Hand expression can also be used alongside pumping. Compressing by hand during and after a pump session has been shown to increase the fat content of the collected milk and remove more milk overall than pumping alone.

Keeping Expressed Milk Safe

Clean collection containers before each use. Wash all parts in a clean basin with soap and water (not directly in the sink, where bacteria can contaminate them), rinse under running water, and air-dry on a clean towel. For extra protection, sanitize daily by boiling items for five minutes or running them through a dishwasher on a hot, heated-dry cycle.

Freshly expressed milk stays safe at room temperature (77°F or cooler) for up to 4 hours. In the refrigerator, it keeps for up to 4 days.
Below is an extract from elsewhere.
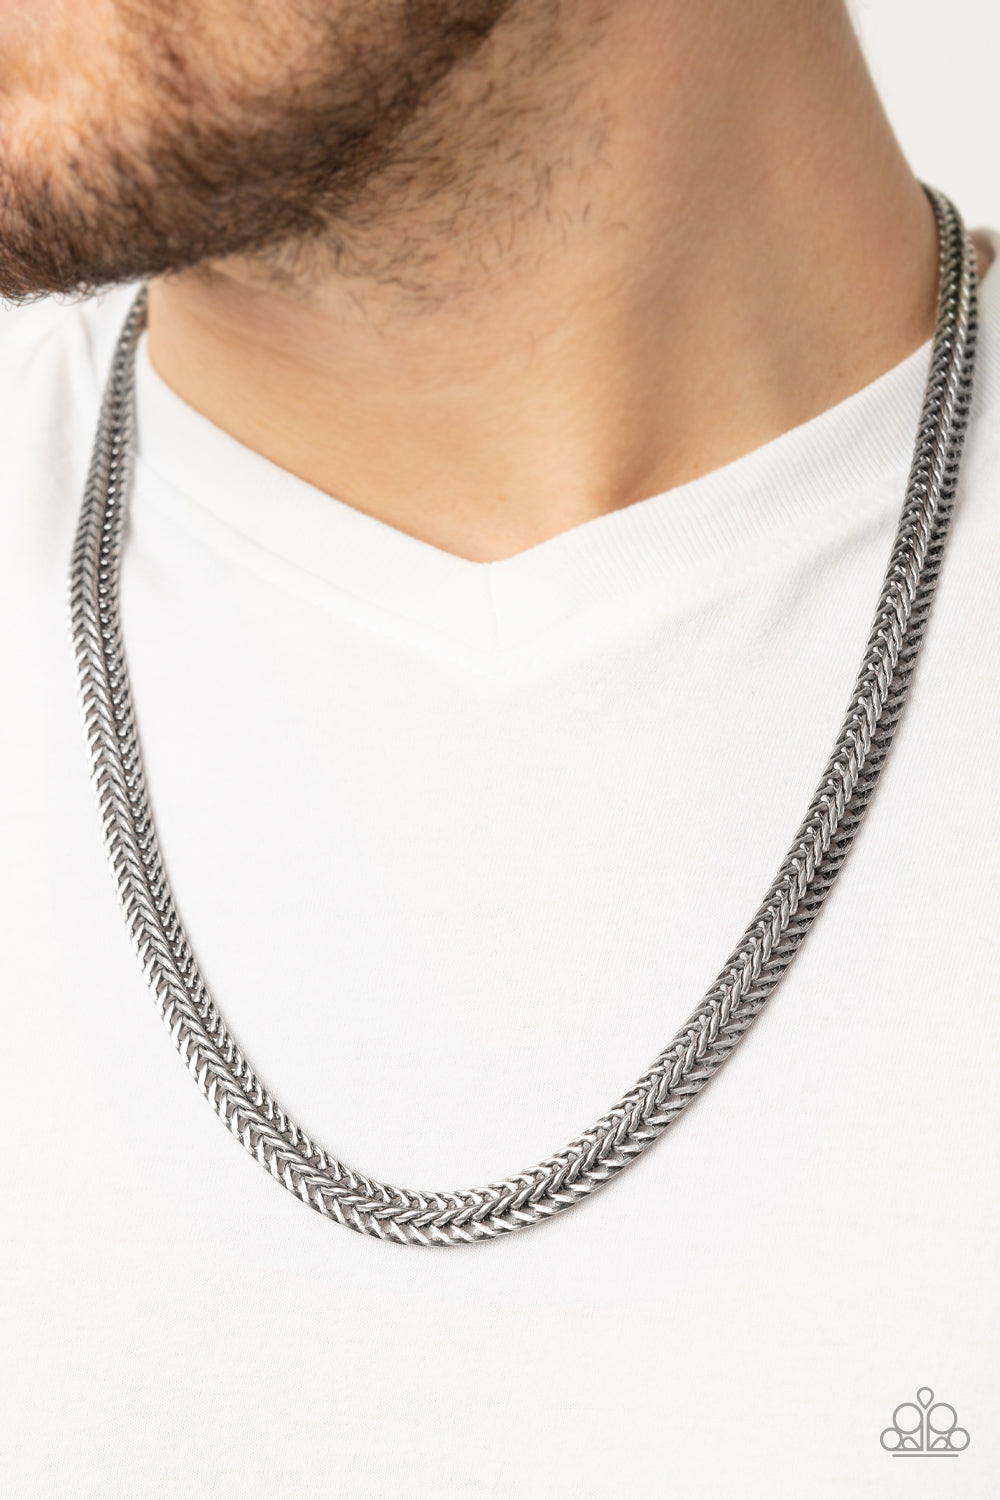 Modern Motorhead - – Sugar Bling Jewelry Chain and - Urban Bee Accessories Silver Paparazzi Necklace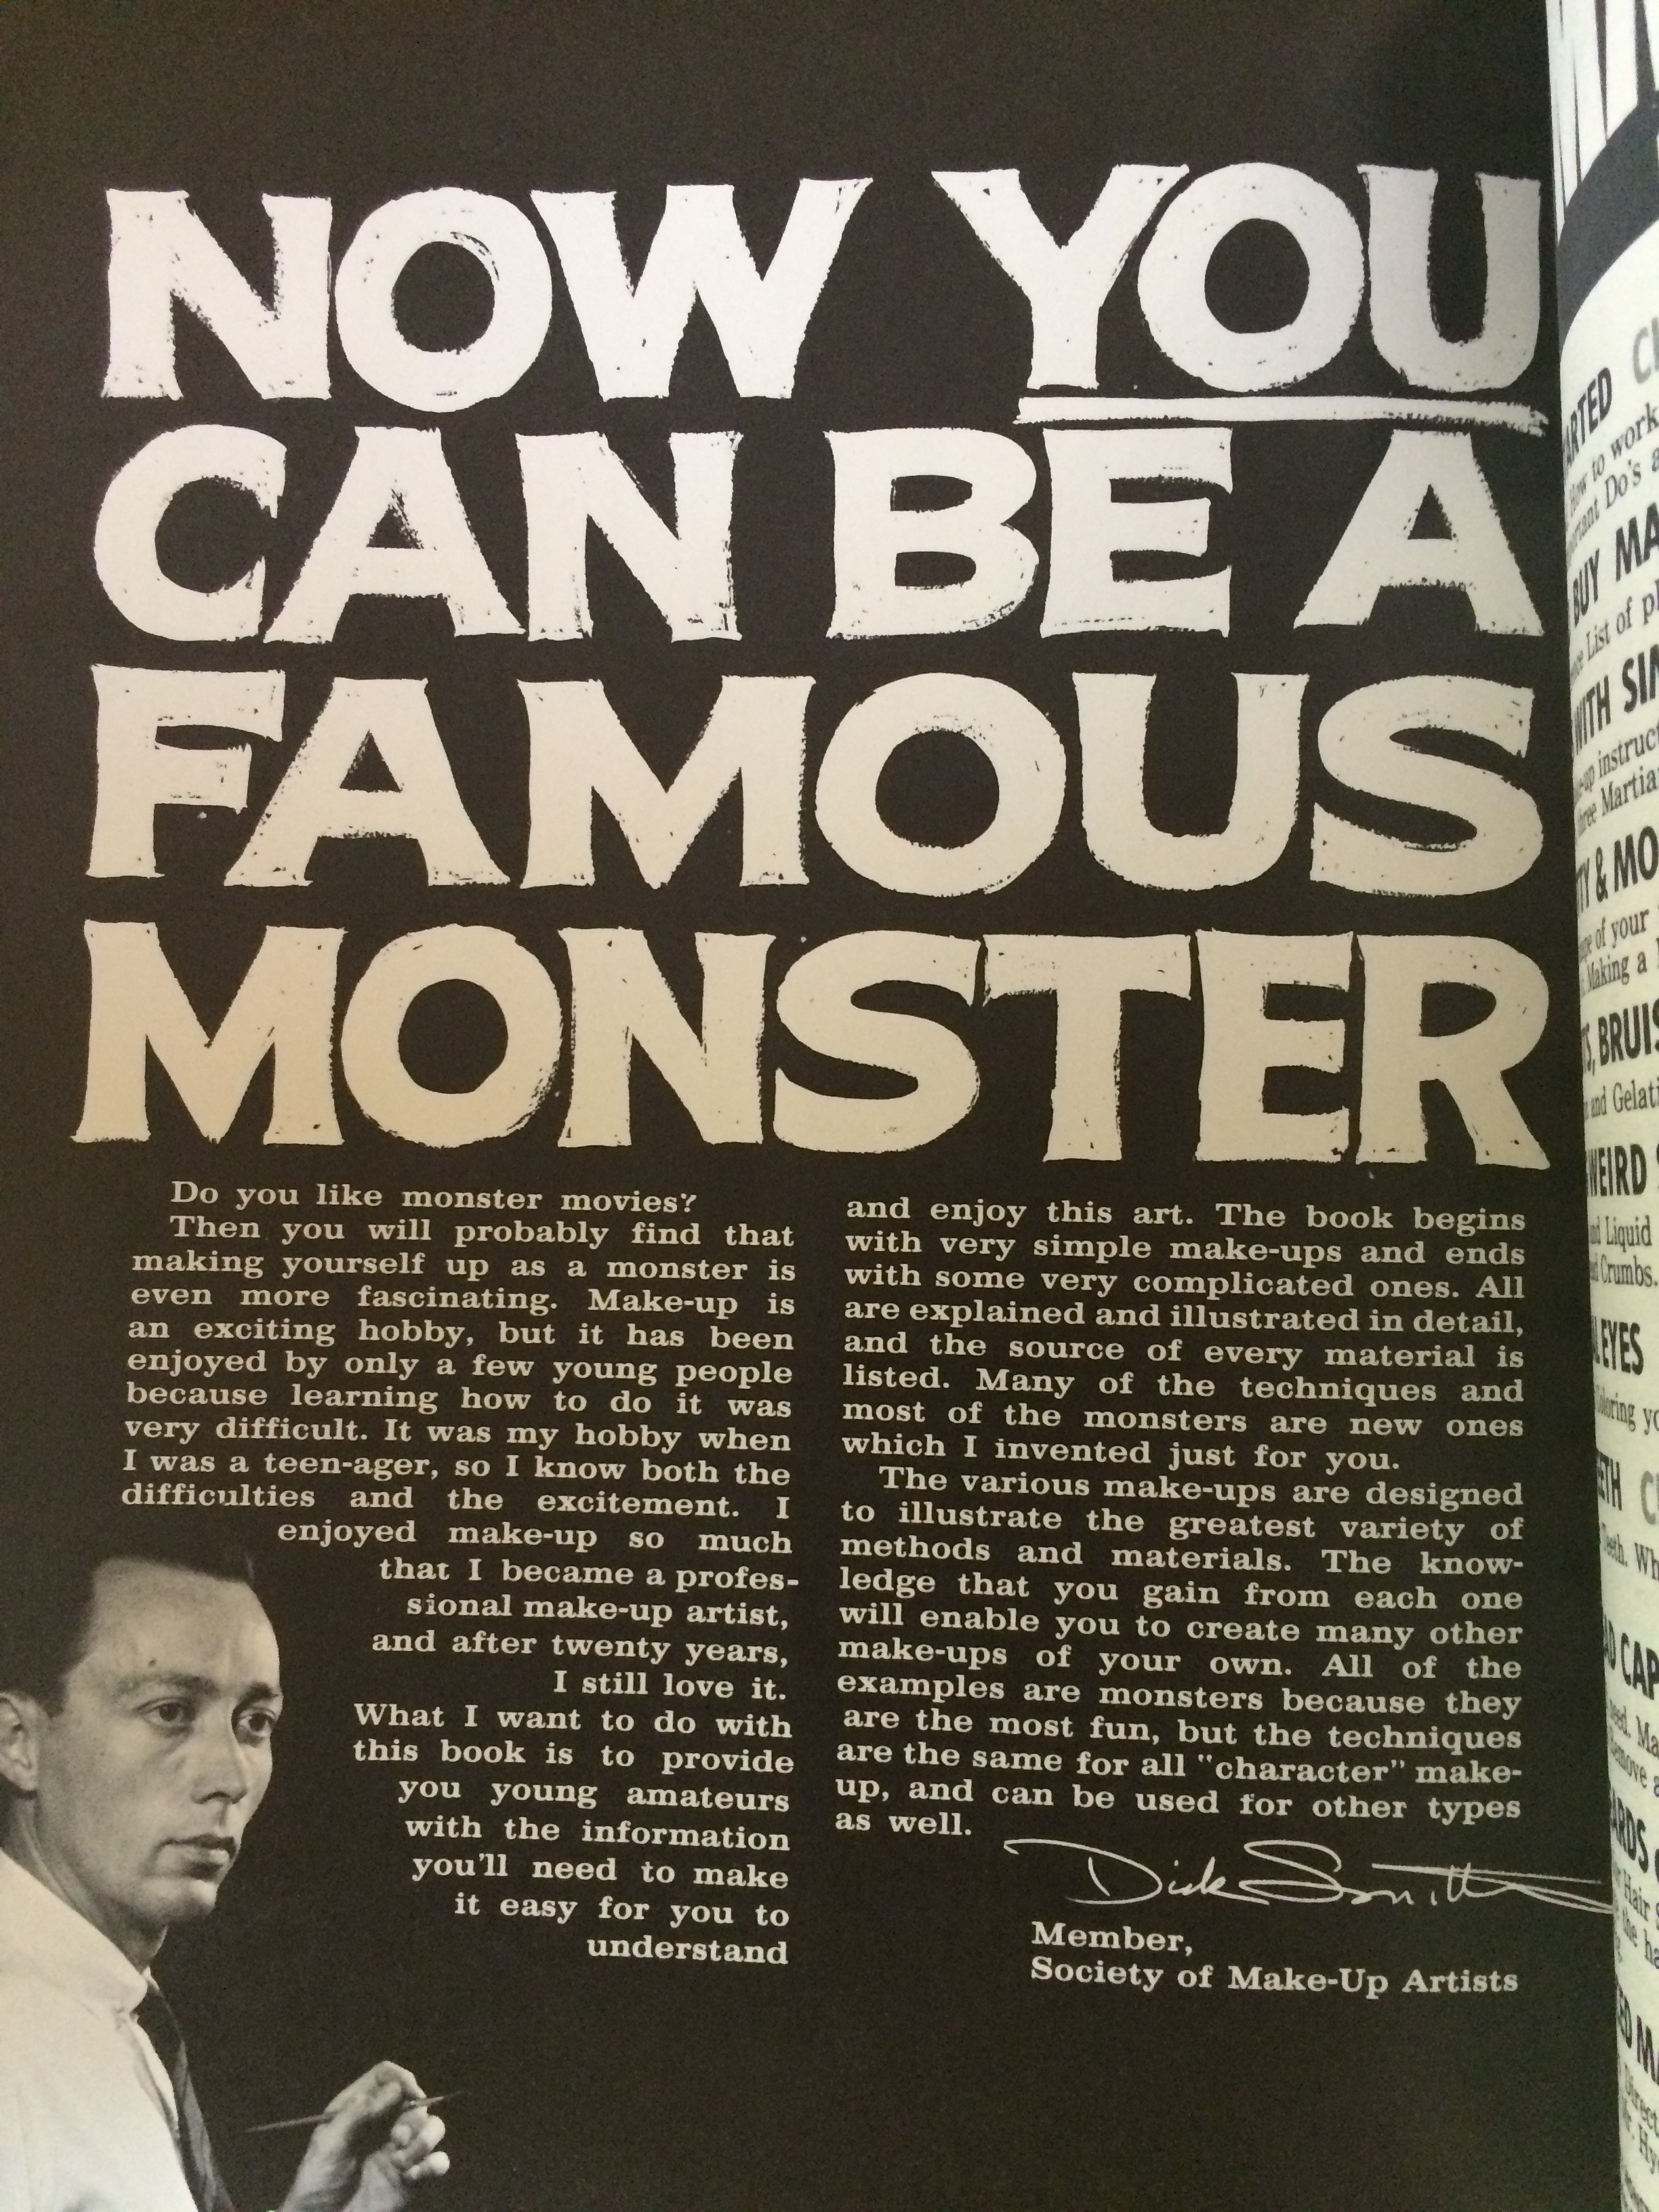 Do-It-Yourself Monster Make-Up Handbook by Dick Smith (Warren Publishing, 1965)

If you won’t use it within that window, freeze it. Label each container with the date so you use the oldest milk first.

When Expression Feels Painful

Some discomfort in the first few seconds is common, but ongoing pain signals a problem. The usual culprit is finger placement that’s too close to the nipple, compressing the nipple itself rather than the tissue behind it. Moving your fingers back to that 1-to-2-inch mark typically resolves it immediately.

If you’re also breastfeeding directly and experiencing nipple pain, cracking, or bleeding, the issue is often how the baby latches. A baby who clamps down on just the nipple rather than taking a wide mouthful of breast tissue can cause significant damage. Signs include a lipstick-shaped or flattened nipple after feeding and pain that persists beyond the first few seconds. A breastfeeding specialist can assess the latch and check for issues like tongue tie that make effective latching harder.

Vasospasm, where the nipple turns white and throbs after expression or feeding, happens when blood flow to the nipple tip gets temporarily cut off. Keeping the chest warm and reducing compression pressure are the first steps. If it persists, a lactation consultant can help troubleshoot.